(Task brief): Everything below from the line with "ウクレレ、ハンドクラップ、ピアノ、...の再生済みの波形" through the line with "SB ブレーザー ミッド" must be retyped exactly, except the pictures.

(Records to use):
========

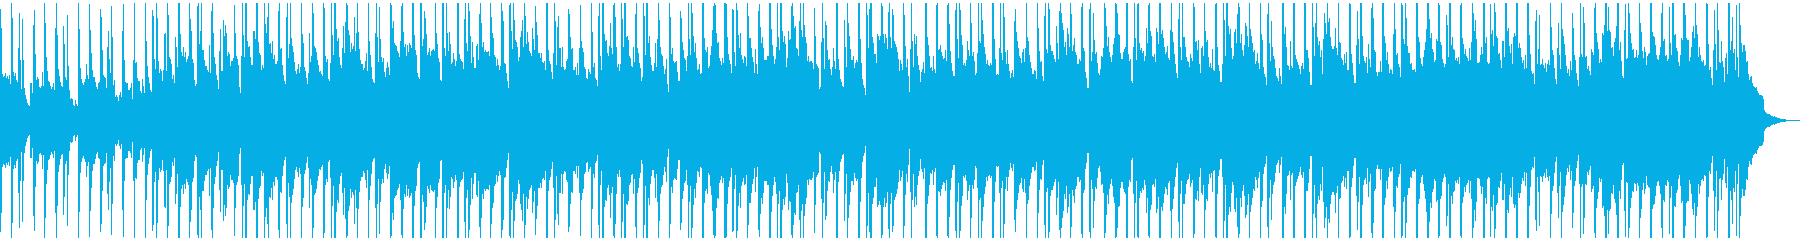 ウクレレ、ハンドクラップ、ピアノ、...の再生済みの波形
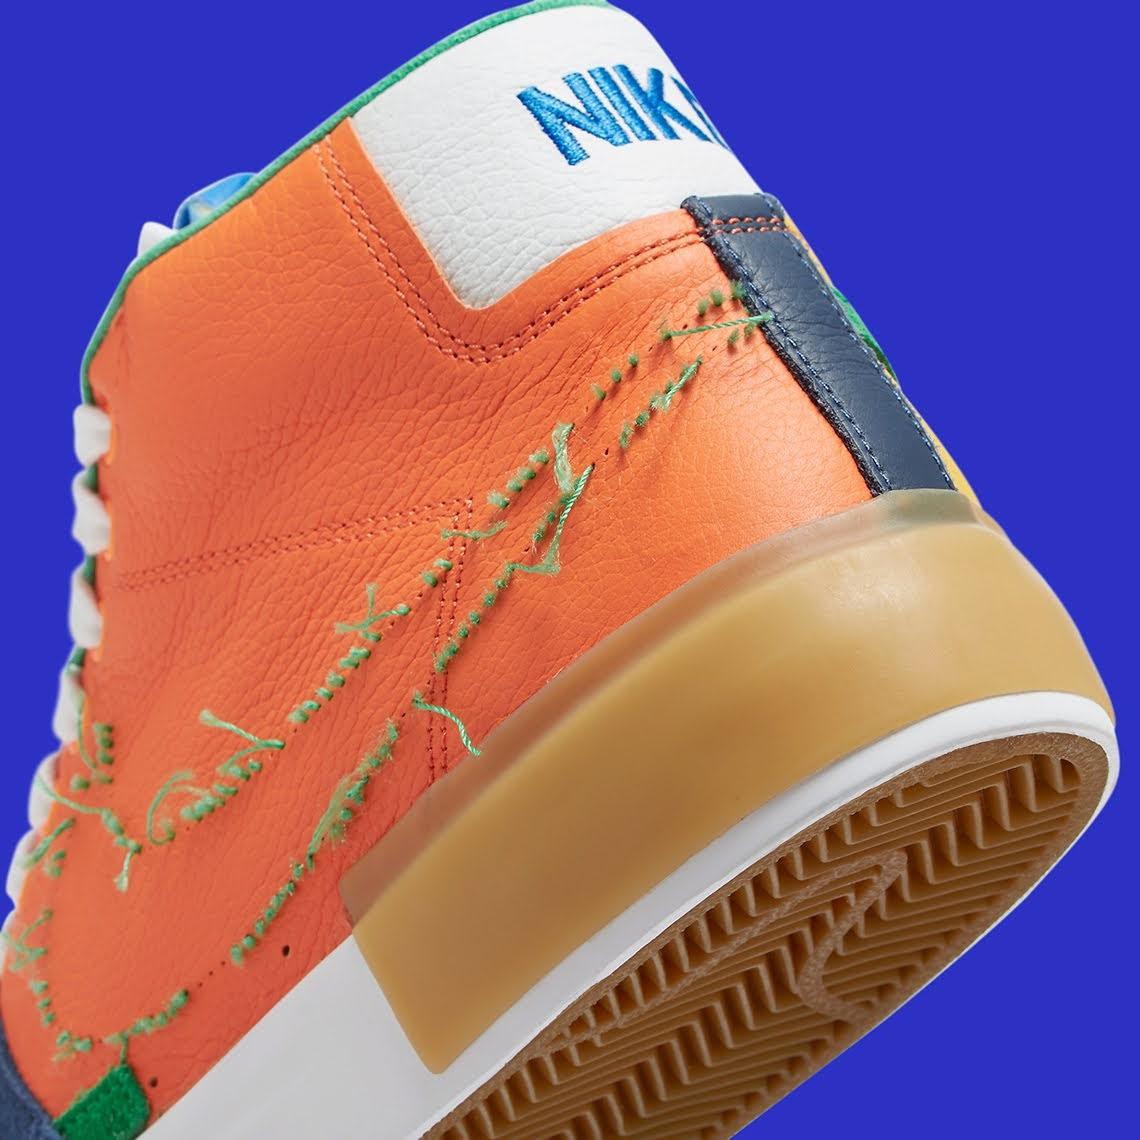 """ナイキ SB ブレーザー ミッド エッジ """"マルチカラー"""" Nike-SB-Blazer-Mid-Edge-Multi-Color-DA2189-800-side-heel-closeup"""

========

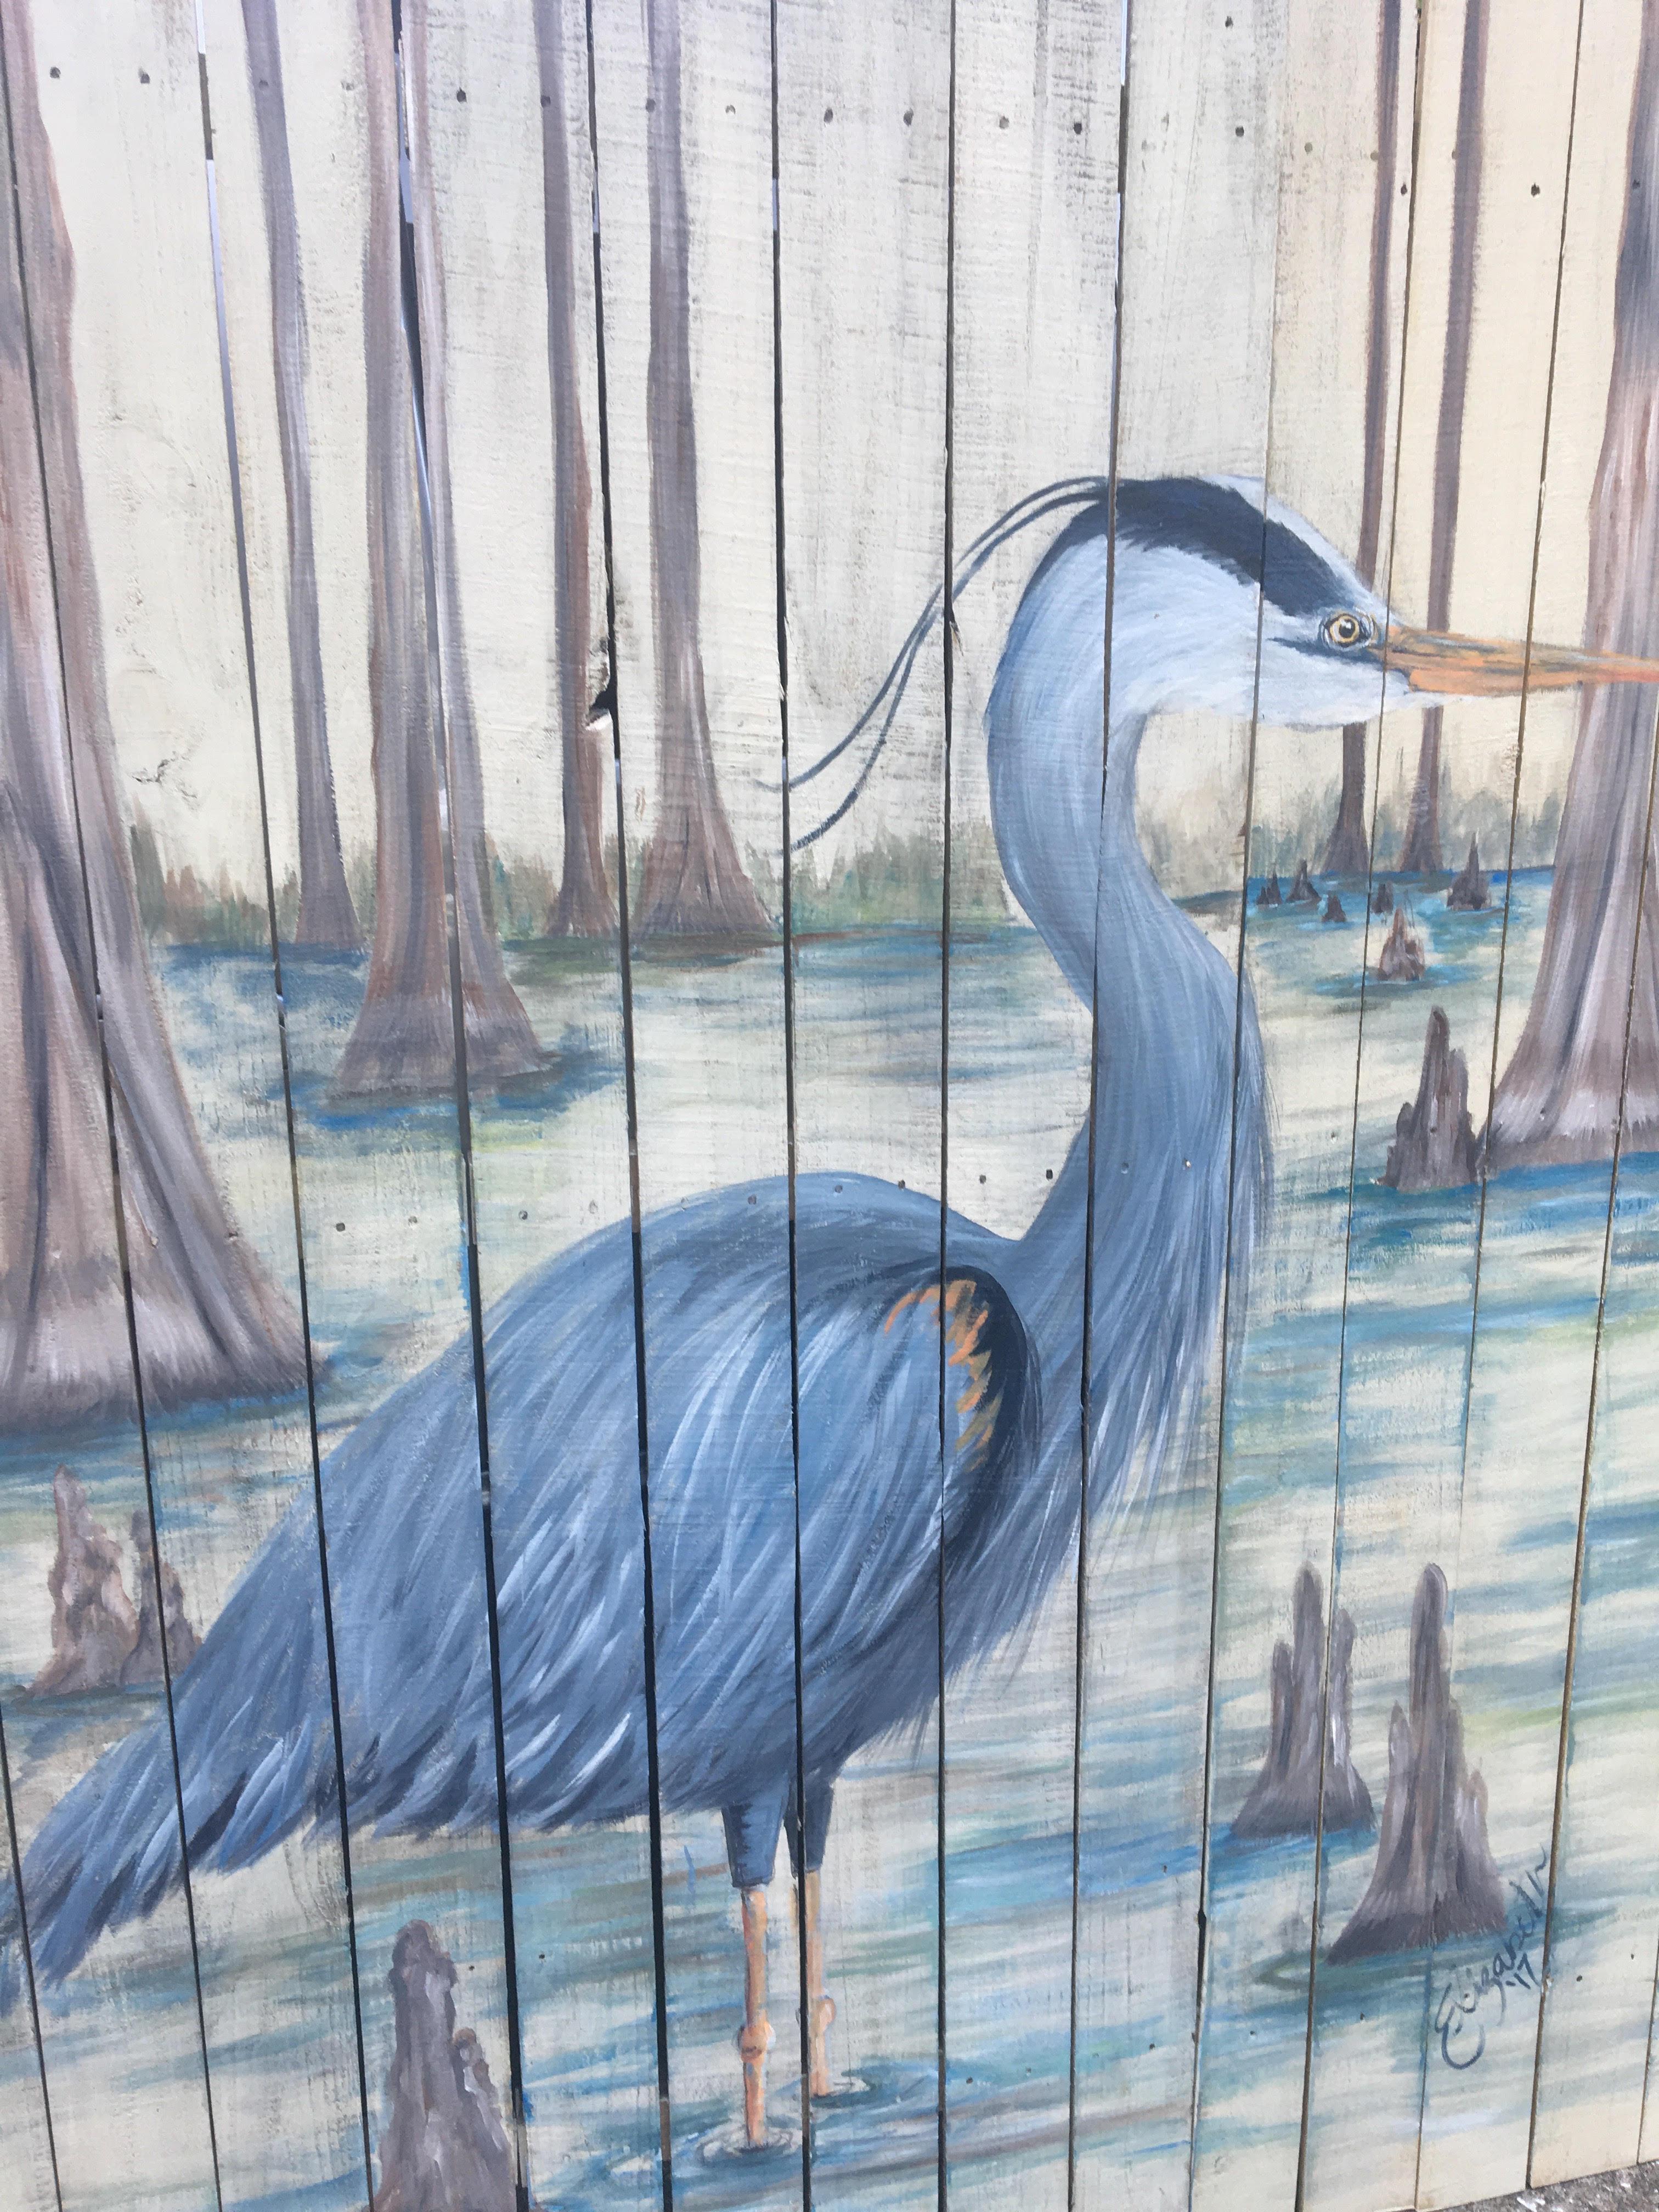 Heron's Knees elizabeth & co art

========

(Written answer):
 ウクレレ、ハンドクラップ、ピアノ、...の再生済みの波形
 """ナイキ SB ブレーザー ミッド エッジ """"マルチカラー"""" Nike-SB-Blazer-Mid-Edge-Multi-Color-DA2189-800-side-heel-closeup"""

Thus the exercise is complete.